To see more art of mine link to: web site no longer exsists

Sunday, April 06, 2008


I Am Doing A Research Paper On Surrealism in Canadian Art History For My University Class And I Learned About My Own Early Art

Here I am coming up the end of the semester in school and I am behind in my commitment in making regular blog postings, so I though I would take a break from my paper and get my blog posting up. Funny how when I first started painting, I was working as a trades person here in Montreal, and here is one of my first painting in a surrealist style, it came from the "magical" way of spiritual freedom of Paul Emile Borduas (The French Canadian Artist behind the Refus Global Manifesto), the magic of my apparition/hallucination from my schizophrenia. This painting on wood was done after having the apparition/hallucination at the bottom of my bed before going to sleep one night, the metaphysical coming to me in my pre-sleep state, I can fall asleep meditating to them some times.
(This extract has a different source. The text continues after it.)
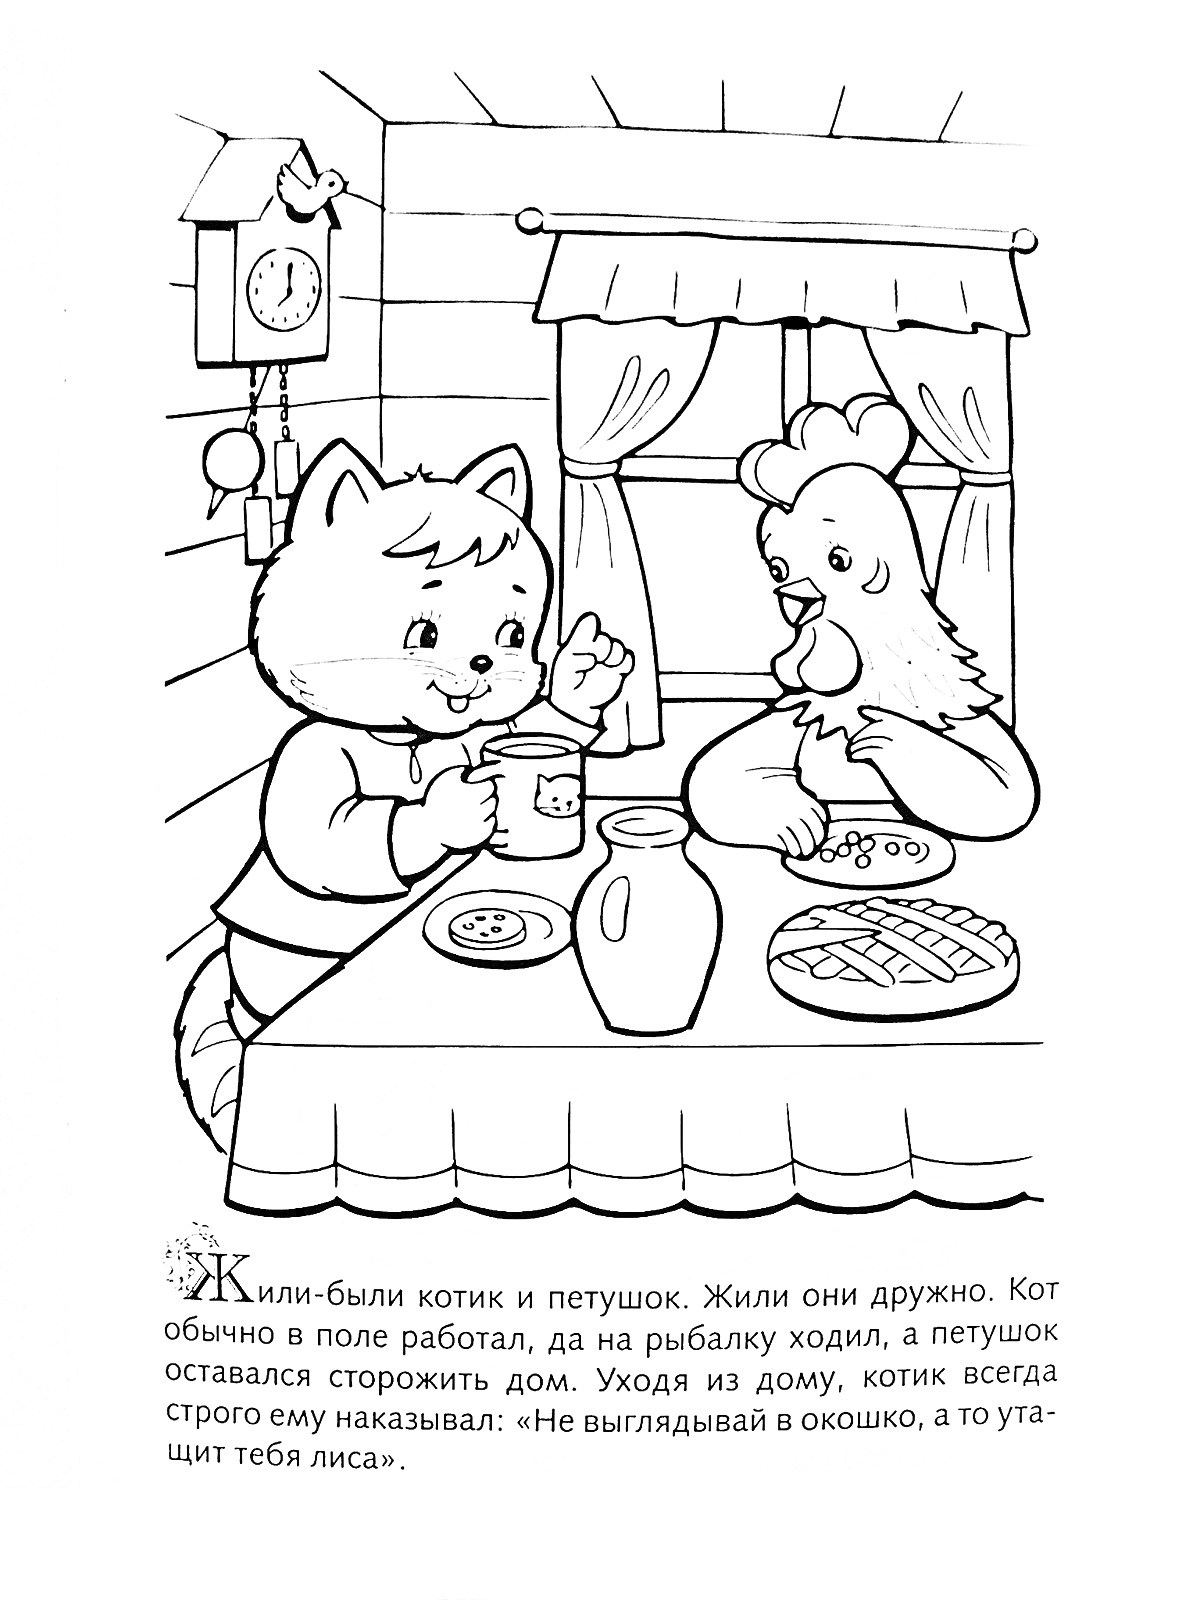 Раскраска Кот и Петух за столом в доме, на столе еда (пирог) и кувшин, окно с занавесками, на стене часы.
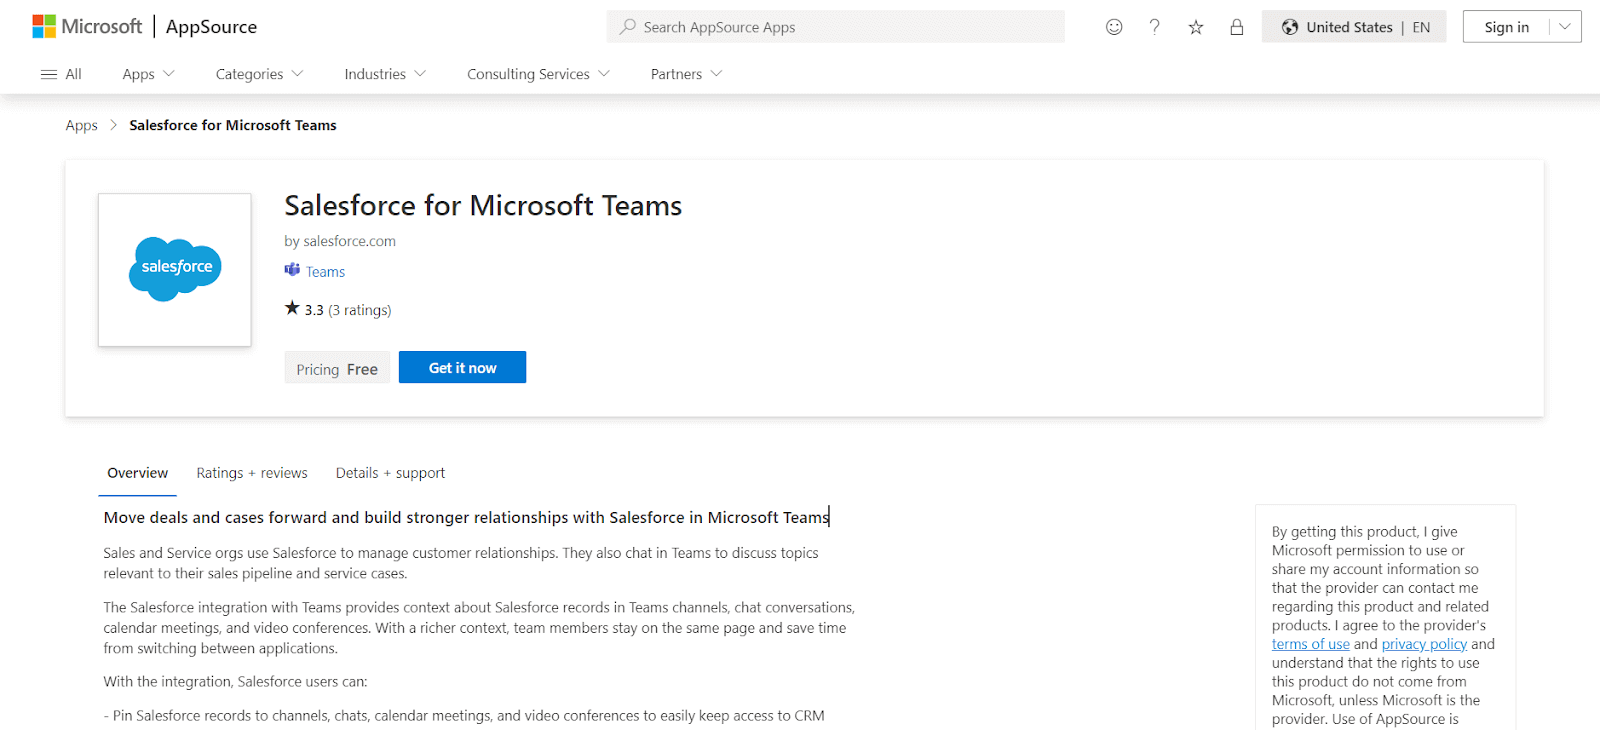 Salesforce for Microsoft Teams

All is there in several pieces of art, including the severed body parts that are found in the foundations of surrealism. The metaphysical and creativity is the way I am evolving and always have, it is just what name do you put on schizophrenia, why don't they call us apprentice Metaphysicians. I make my life as I learn in school about the arts, while hospitalized I spent a fair bit of time in the Hospital medical library.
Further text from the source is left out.